# "Verbesserungsvorschlagthread" Bikepark Beerfelden



## KonaBikerM (22. Februar 2013)

Hallo,
liebe Bikeparknutzer/innen.
Aufgrund der, wie ich finde, brillianten Idee von Tribal84, dachte ich mir dass das eine gute Idee ist und habe diesen Thread ins Leben gerufen.
Ich hoffe ich habe dir da nicht zuvorgegriffen Tribal 84 

In diesem Thread wird bitte NUR:
->Verbesserungsvorschläge oä. gepostet!

Bitte keine Diskussionen oder ähnliches! 
Fals doch wird es leider so kommen das diese Beiträge gelöscht werden, da der Thread NUR für die "Mängel" und den dazugehörigen "Verbesserungsvorschlägen" ist! 
Die hier gennanten Fakten und Vorschläge könnt ihr ja im normalen Beefe Thread ausdiskuttieren 



Wie ihr eure Vorschläge und Mängel am besten darstellt und postet:
->Die besagte Stelle genau beschreiben, am besten natürlich mit Bild oder Link zu einem Video mit Min. Angabe, das erleichter vieles!
->Sagen was euch nicht gefällt und wieso.
->Sagen was ihr verbssern wollt, also genau beschreiben und auch am besten mit einem Beispiel Bild oder als Beispiel ein "Obstacle" von einem bekannten Bikepark das fast jeder kennt.
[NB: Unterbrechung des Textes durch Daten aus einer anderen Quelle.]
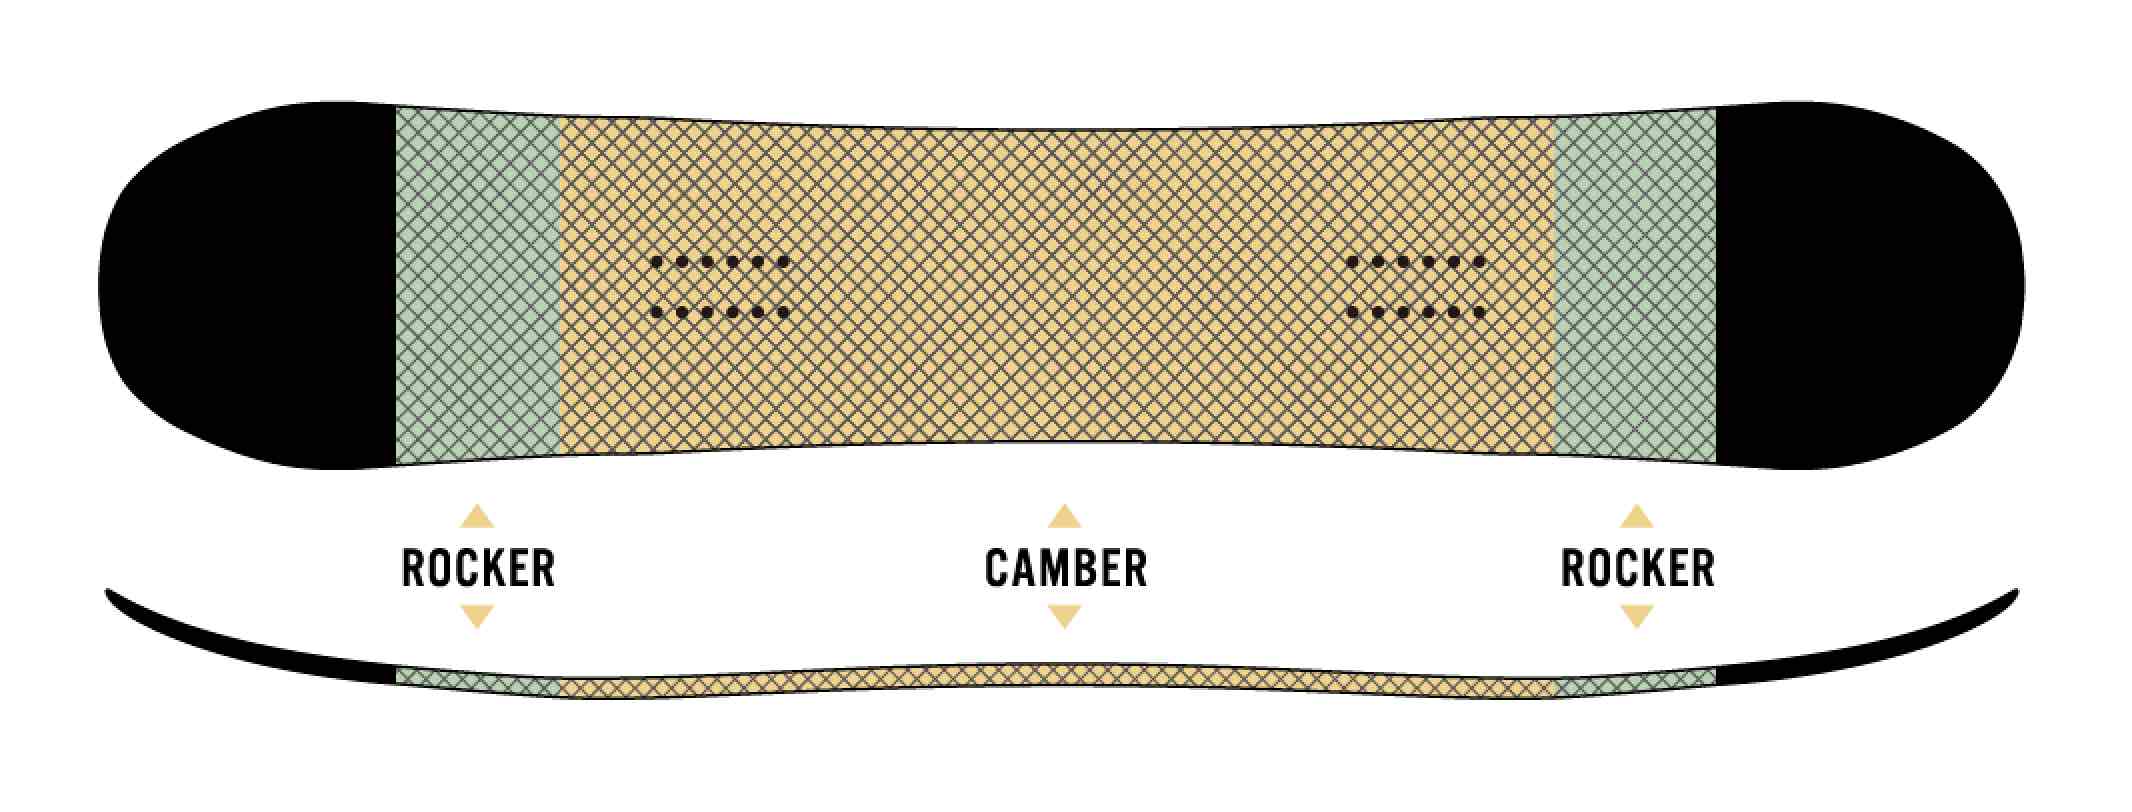 板的中央部分是弧度，CAMROCK在鼻子和尾巴上有一个小摇杆。它具有Camber擅长的锋利边缘，高排斥力，以及摇杆特有的良好机动性。这块板子的特点是可以全面玩的CAMROCK规格。

Ich denke dass das keine schlechte Idee ist, denn somit weiß der Betreiber dann auch genau was er zu verbessern hat und auch wie! Da ja von euch schon Vorschläge gekommen sind und er somit Anregungen hat.


----------



## cinemaniac (23. Februar 2013)

AAAALSO...

Wie schon im Beerfeldenfred beschrieben:

ORT: Die Kurve vor dem Graben welcher zum Wallride führt.
PROBLEM: Ausgefahren, dicke Steine, erhöte STURZGEFAHR
LÖSUNG: Steine beseitigen, etwas ausheben --> AUSHUB=ANLIEGER 

ORT: Rote Linie, http://www.youtube.com/watch?feature=player_detailpage&v=VXNseq4krTQ#t=49s
PROBLEM: Neben dem Northshore vor allem bei Nässe fieser Stumpf= ERHÖHTE VERLETZUNGSGEFAHR
LÖSUNG: Stumpf ausbuddeln oder alternative Streckenführung mit ein paar schönen Kurven im Graben.

Das sind für´s erste zwei Schwerpunkte (meiner durchaus subjektiven Meinung nach)

NACHTRAG:

ORT: ÜBERALL
PROBLEM: Auf welcher Line befinde ich mich?
LÖSUNG: Schilder inkl. Warnungen wie z.B. ROADGAP, DOUBLE, DROP etc.


----------



## MTB-News.de




----------



## KonaBikerM (23. Februar 2013)

Stelle->http://videos.mtb-news.de/videos/view/20777 2:35
Problem-> Beide Landunge für die Dops/Kicker sind total zerbomt, und haben so null Flow.
Lösung->Landungen mit guter Erde nicht von "direkt daneben" bauen, sodass die Erde/Landung auch besser schön ganz bleibt.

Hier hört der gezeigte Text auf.